Terzo pilastro, il più culturale: la durabilità e la manutenibilità. I CAM premiano soluzioni che allungano la vita utile dell’edificio e ne riducono il costo di gestione — ispezionabilità degli impianti, sostituibilità dei componenti, schede di manutenzione programmata. È il passaggio dal costo di costruzione al costo del ciclo di vita, la metrica che gli enti stanno imparando a usare nelle gare.

Come si dimostra la conformità ai CAM in gara e in cantiere?

Per il progettista, i CAM entrano nel lavoro dalla prima relazione: la matrice dei criteri applicabili va compilata indicando requisito, soluzione progettuale e verifica, e le prescrizioni devono tradursi in capitolato e computo metrico. Un errore frequente è il richiamo generico "ai CAM vigenti" senza declinazione sul progetto specifico: le stazioni appaltanti più attente respingono o integrano elaborati di questo tipo.

Per l’impresa, la conformità si dimostra in esecuzione: certificati e schede dei materiali effettivamente consegnati, registri di carico e scarico dei rifiuti con formulari tracciabili, verbali e fotografie di cantiere. Il direttore dei lavori verifica, ma la responsabilità documentale resta in capo all’esecutore: chi non conserva le evidenze rischia contestazioni a saldo, quando la sostituzione del materiale non è più possibile.

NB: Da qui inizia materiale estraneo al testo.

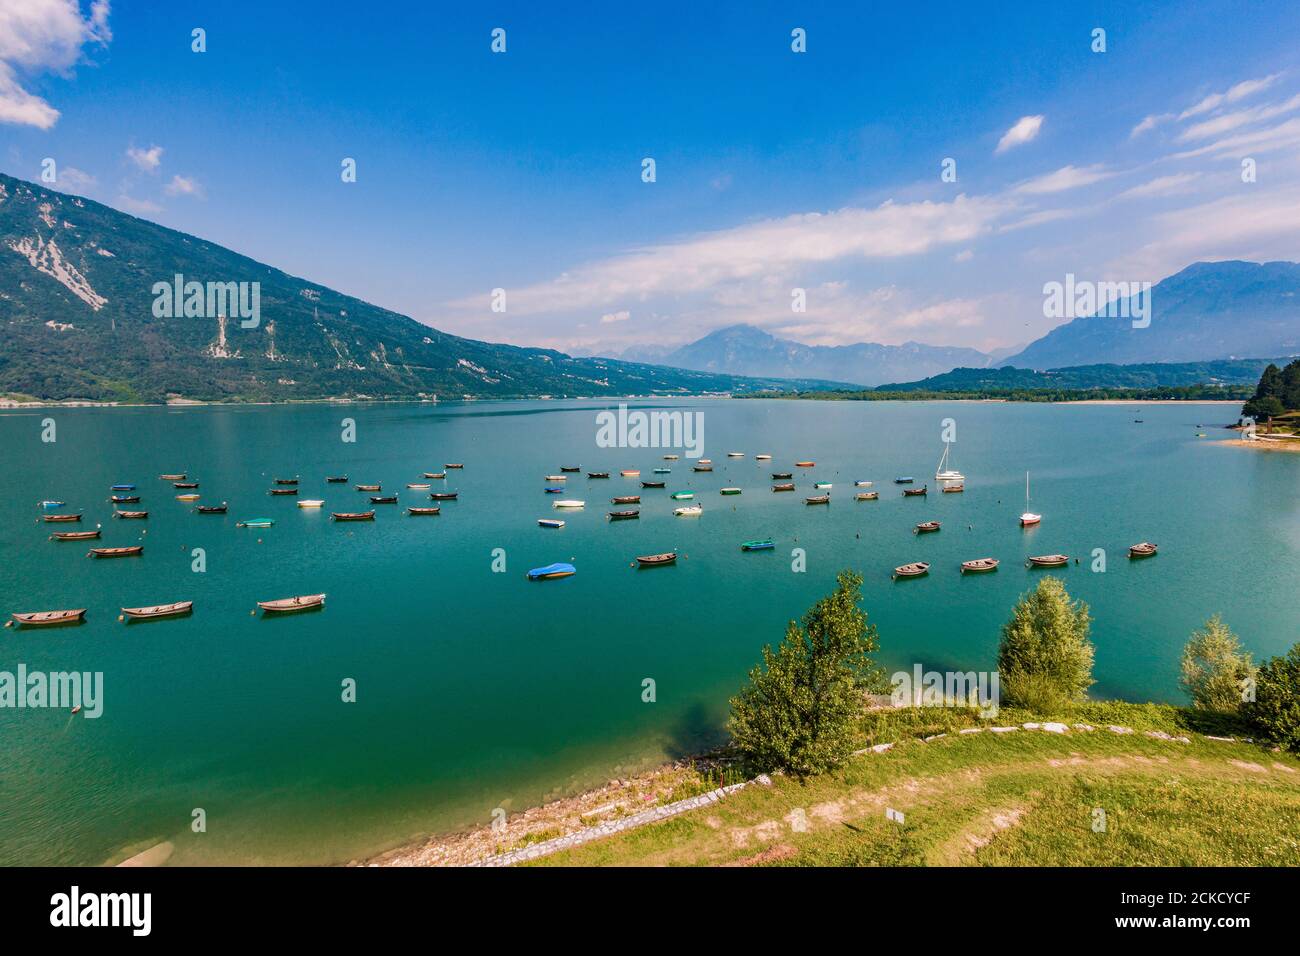 Lago santa croce immagini e fotografie stock ad alta risoluzione - Alamy

Il punto critico del 2026 è la filiera: il contenuto di riciclato dipende dai produttori, e le disponibilità di mercato per alcune categorie certificate restano disomogenee tra Nord e Sud. Le imprese che si sono attrezzate con accordi quadro e fornitori qualificati hanno un vantaggio competitivo misurabile nei punteggi di gara, oltre che una riduzione del rischio di contenzioso.

I CAM diventeranno obbligatori anche nei cantieri privati?

La domanda che la filiera si pone è se i CAM resteranno confinati al pubblico. I segnali del 2026 indicano una diffusione progressiva: i grandi interventi privati di riqualificazione, le operazioni immobiliari con certificazioni di sostenibilità e i progetti finanziati da investitori istituzionali adottano volontariamente requisiti equivalenti, perché il valore di mercato di un edificio conforme cresce e quello di un edificio energivoro e non circolare scende.

Sul piano normativo, la direttiva Case Green e la revisione delle regole sui prodotti da costruzione a livello europeo spingono verso requisiti ambientali di prodotto sempre più vincolanti per tutti, non solo per chi vende alla pubblica amministrazione. Le dichiarazioni di prestazione ambientale stanno diventando parte integrante della documentazione di prodotto, e la tracciabilità digitale dei materiali — il cosiddetto passaporto dei prodotti da costruzione — è la frontiera su cui Bruxelles lavora.

Per imprese e studi la conclusione operativa è semplice: conviene costruire subito la competenza CAM, anche se il proprio mercato è privato. Le gare pubbliche la richiedono oggi; il mercato la premierà domani; e la curva di apprendimento — fornitori, certificati, gestione rifiuti, documentazione — non si improvvisa alla prima gara persa.